Вот он очень сегодня на меня обиделся, я знаю, обиделся, когда я ему сказала, что он похож на Катаева и что он потому не прощает Коле его недостатков, что это его собственные, Сенины, недостатки.
Он иногда до того забывается, что перестает видеть себя со стороны.
Вот сегодня он нашел непорядок в спальне мальчиков. Нашумел, посердился, а потом сел с Искрой играть в шахматы. И проиграл три партии подряд. Очень рассердился, хоть и постарался этого не показать. А потом пошел в спальню девочек, и, придравшись к пустяку, учинил там настоящий погром:
– Чем тумбочки набиты? Сколько раз вам говорить?
Одним словом, пошвырял все из тумбочек и разбил стакан. Нечаянно, конечно, но от этого еще больше разозлился. А к вечеру Зина Костенко сказала:
– А все из-за тебя, Степа. Уж не мог ты проиграть Семену Афанасьевичу хоть одну партию!
Какая хорошая девочка была Оля Борисова. Милая, открытая, прямая. А вот взяла и ушла от нас. Что тут поделаешь? А как-то трудно с этим примириться. Значит, мы что-то не так делаем.
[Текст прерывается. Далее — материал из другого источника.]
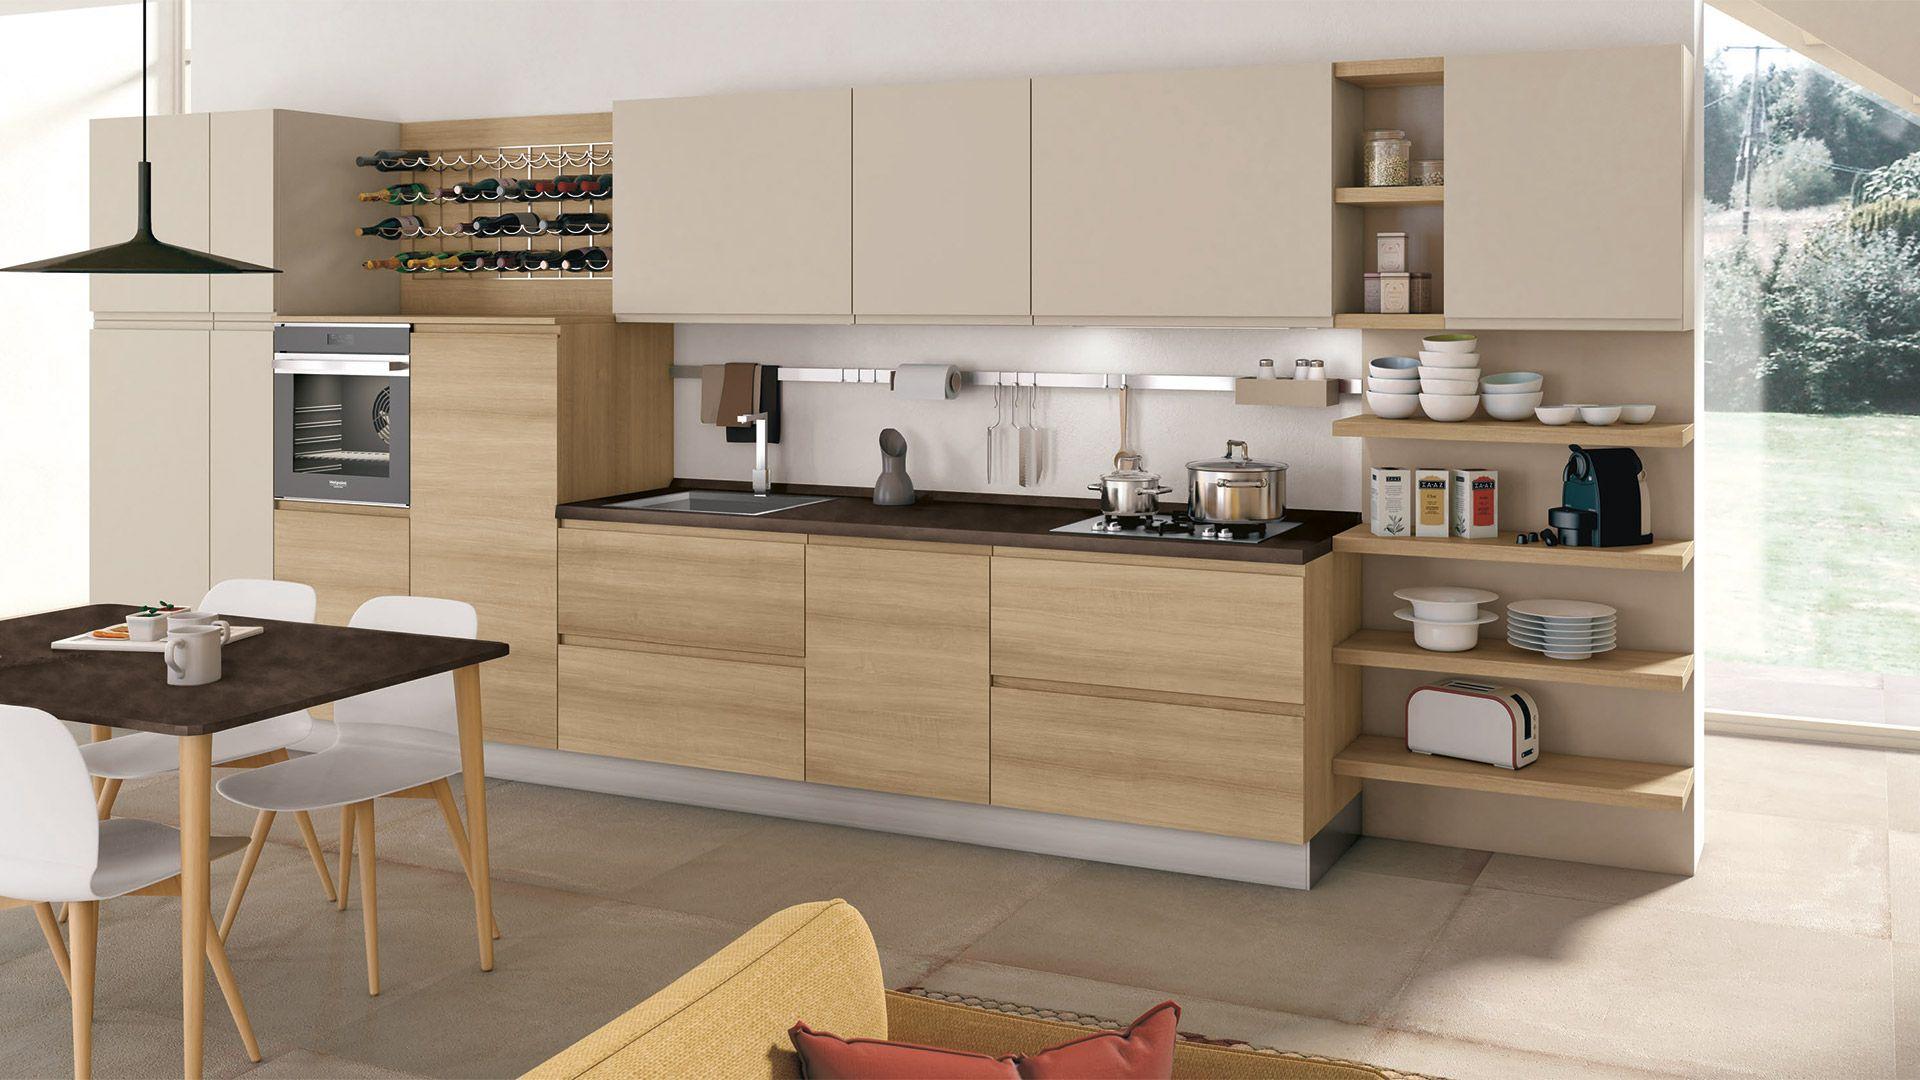 Cucina Jey - Cucine Moderne - Creo Kitchens nel 2019 ...

И обидно за этих ребят, что ушли. Дом для одаренных детей, про который Кляп им сказал, так и не организовали пока, и их рассовали по разным случайным домам – снова привыкать, снова искать друзей. Трудно.
Я очень люблю читать ребятам. Следить, как они слушают. Как волнуются там, где волнуется рассказчик. Счастливы там, где он счастлив. Такая возникает добрая связь между ними, тобой и книгой…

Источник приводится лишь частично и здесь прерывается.